Any idea how I could get the following?
- id: id1
roles:
- writing: lead
- supervision: supporting
- id: id2
roles:
- writing: equal
I don't know a way for yaml::as.yaml
to do it correctly the first time, but you can always do a simple gsub
to change all - -
manually:
tibble(
id = paste0("id", 1:2),
roles = list(
list(tibble(writing = "lead"), tibble(supervision = "supporting")),
list(tibble(writing = "equal"))
)
) |>
jsonlite::toJSON() |>
jsonlite::parse_json() |>
yaml::as.yaml(indent.mapping.sequence = TRUE) |>
gsub("- - ", "- ", x = _) |>
cat()
# - id: id1
# roles:
# - writing: lead
# - supervision: supporting
# - id: id2
# roles:
# - writing: equal
If there's a risk you could have a legitimate - -
embedded within one of your items, you can make the gsub
a bit more specific:
gsub("((^|\n) *)- - ", "\\1- ", x = _)
where
(^|\n)
matches either the string beginninf (^
) or the embedded newline; this is necessary because as.yaml
returns a single string with \n
embedded within it, so we cannot rely on ^
to catch them all; we could always use strsplit(_, "\n")[[1]]
to split it then gsub
then recombine, but that seems unnecessary given we can do it in one step((^|\n) *)
finds the above plus zero or more spaces; I think " "
is safe here instead of "\\s"
, since I believe as.yaml
is always going to put out spaces there; because this is wrapped in parens, it will be available as a pattern group for later recall"\\1- "

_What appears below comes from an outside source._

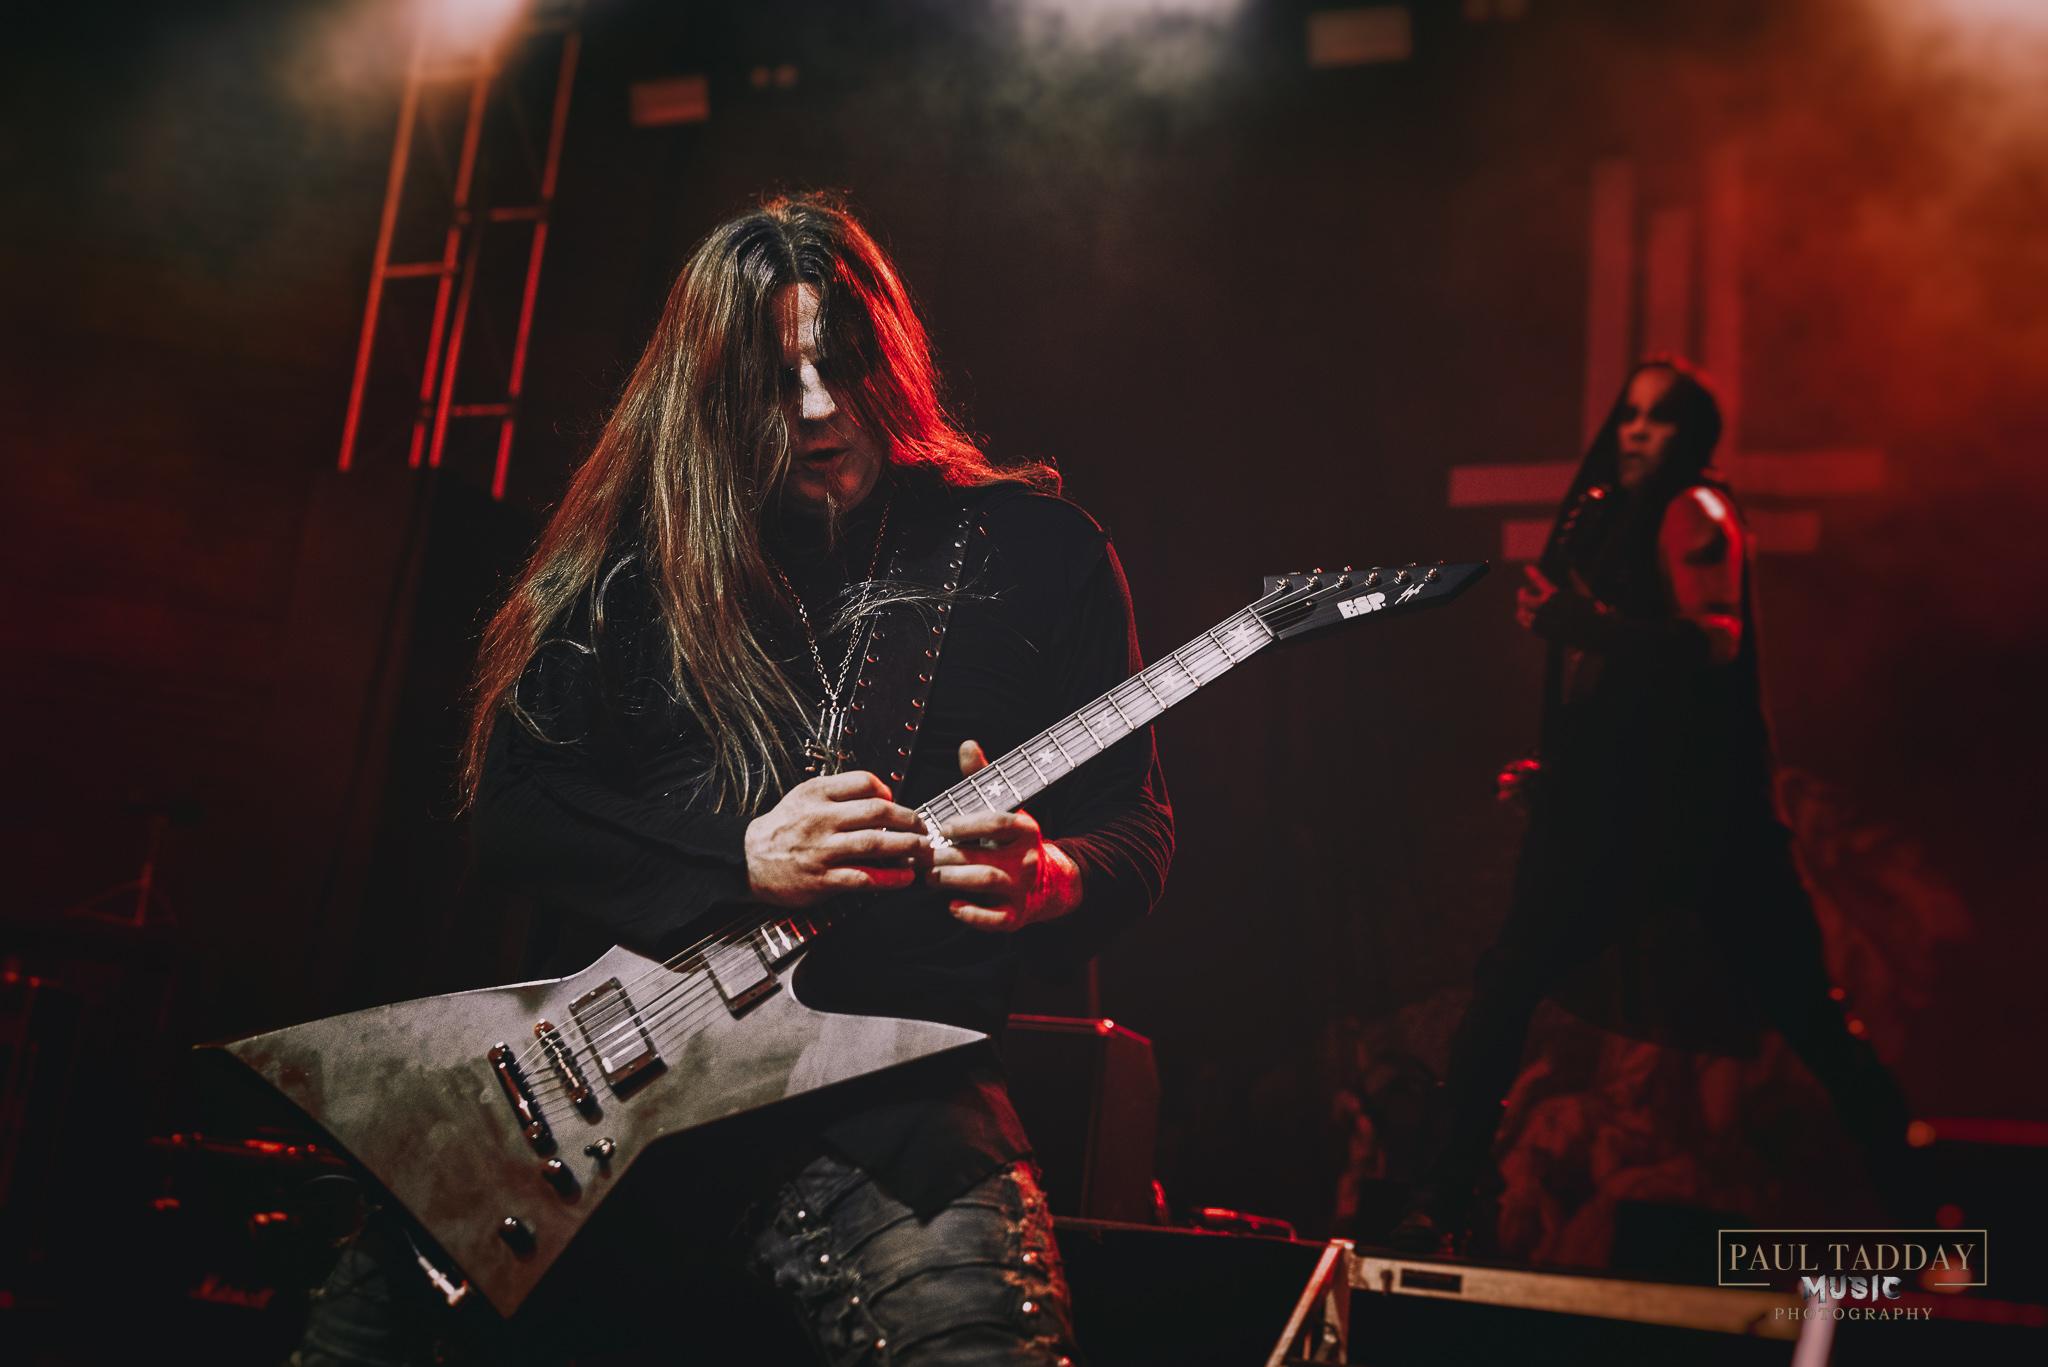 behemoth - brisbane - march 7 2019 - web - paul tadday photography - 31.jpg

replaces everything in the pattern (including the - -
) with the parenthesized pattern group (previous bullet) and a single hyphen-space.tibble
to list
:Up front, this fixes the - -
problem with the above, though it converts inline dictionaries with nested. Formally, they resolve to the same underlying structure, so if you're okay with the added verbosity then perhaps this is better:
tibble(
id = paste0("id", 1:2),
roles = list(
list(tibble(writing = "lead"), tibble(supervision = "supporting")),
list(tibble(writing = "equal"))
)
) |>
transform(roles = rapply(roles, unlist, how = "list")) |>
jsonlite::toJSON() |>
jsonlite::parse_json() |>
yaml::as.yaml(indent.mapping.sequence = TRUE) |>
cat()
# - id: id1
# roles:
# - writing:
# - lead
# - supervision:
# - supporting
# - id: id2
# roles:
# - writing:
# - equal
This looks slightly different than your expected, though they are still valid yaml dictionaries. The effective result is confirmed with:
out1 <- tibble(
id = paste0("id", 1:2),
roles = list(
list(tibble(writing = "lead"), tibble(supervision = "supporting")),
list(tibble(writing = "equal"))
)
) |>
jsonlite::toJSON() |>
jsonlite::parse_json() |>
yaml::as.yaml(indent.mapping.sequence = TRUE) |>
gsub("- - ", "- ", x = _)
out2 <- tibble(
id = paste0("id", 1:2),
roles = list(
list(tibble(writing = "lead"), tibble(supervision = "supporting")),
list(tibble(writing = "equal"))
)
) |>
transform(roles = rapply(roles, unlist, how = "list")) |>
jsonlite::toJSON() |>
jsonlite::parse_json() |>
yaml::as.yaml(indent.mapping.sequence = TRUE)
out1
# [1] "- id: id1\n roles:\n - writing: lead\n - supervision: supporting\n- id: id2\n roles:\n - writing: equal\n"
out2
# [1] "- id: id1\n roles:\n - writing:\n - lead\n - supervision:\n - supporting\n- id: id2\n roles:\n - writing:\n - equal\n"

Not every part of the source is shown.